• Assigned task: Only text belongs in your copy of the listing below; reproduce it exactly and leave out the pictures.

• Data:
+++++

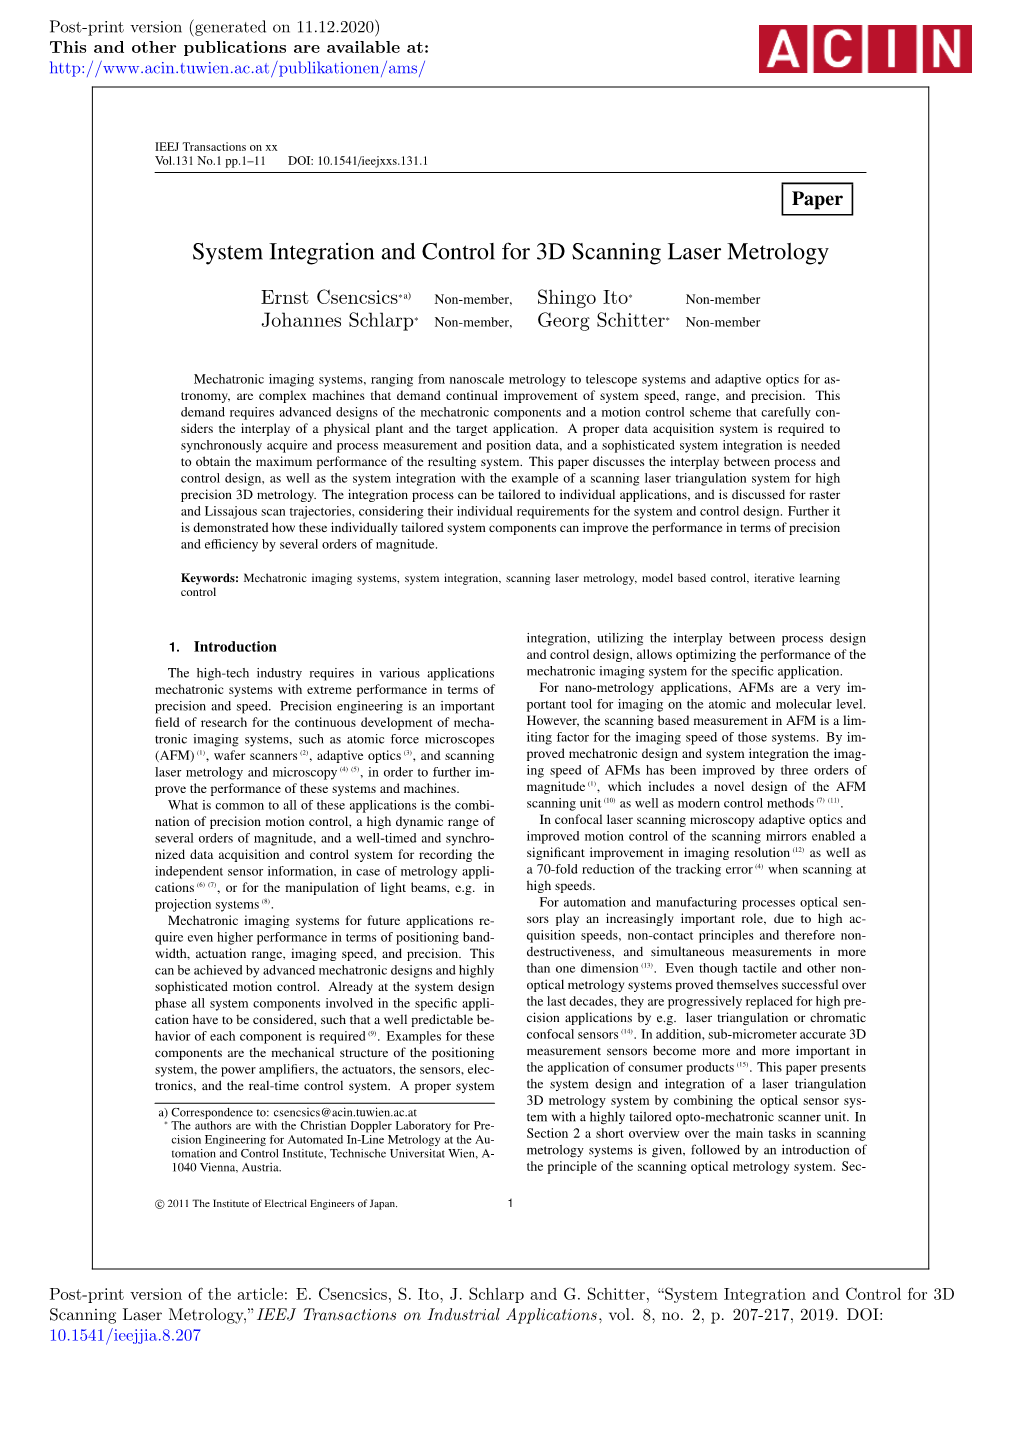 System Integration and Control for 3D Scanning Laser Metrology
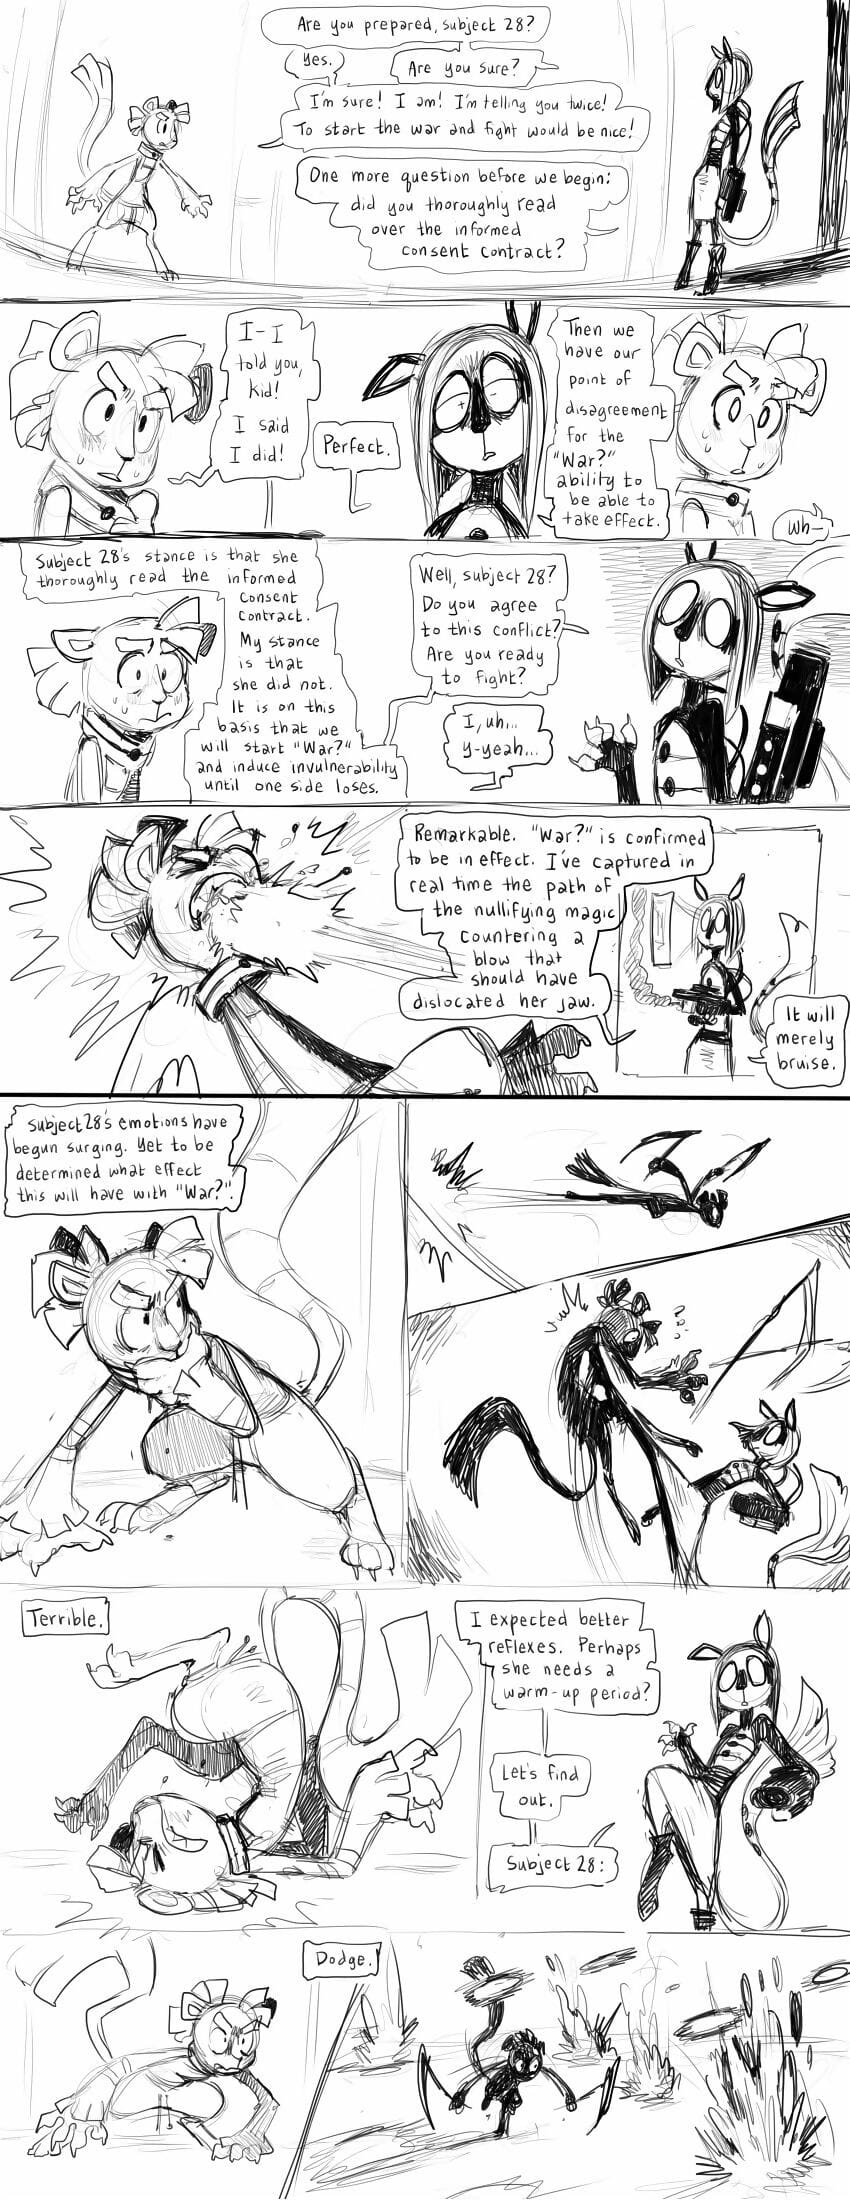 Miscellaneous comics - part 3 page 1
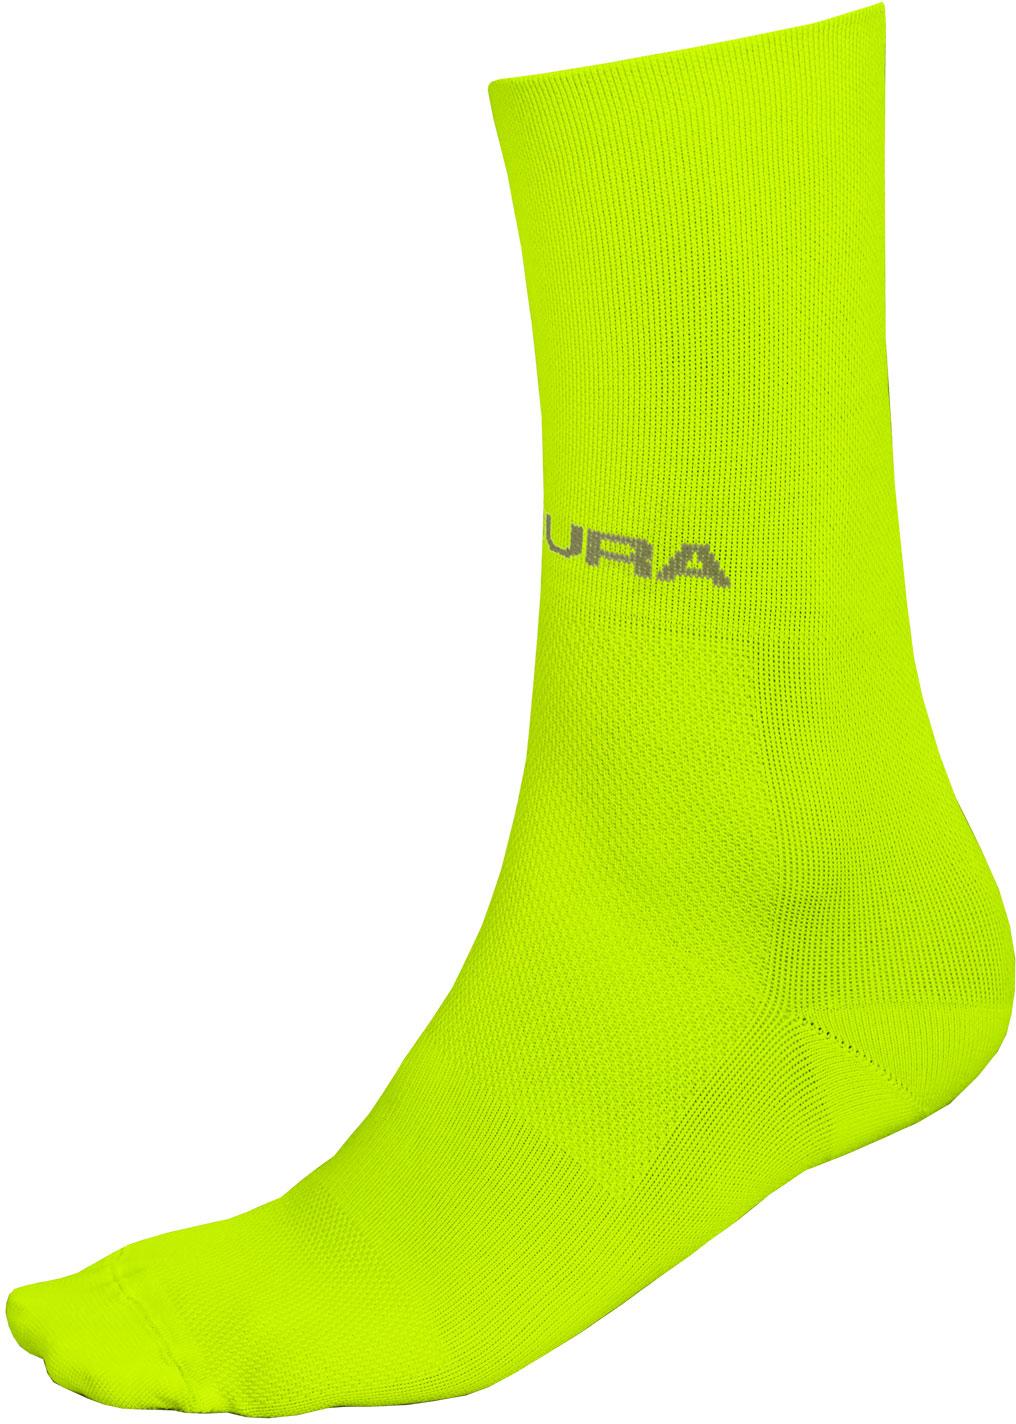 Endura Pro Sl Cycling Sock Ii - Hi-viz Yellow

+++++

• Solution to the exercise:
 System Integration and Control for 3D Scanning Laser Metrology
 Miscellaneous comics - part 3 page 1
 Endura Pro Sl Cycling Sock Ii - Hi-viz Yellow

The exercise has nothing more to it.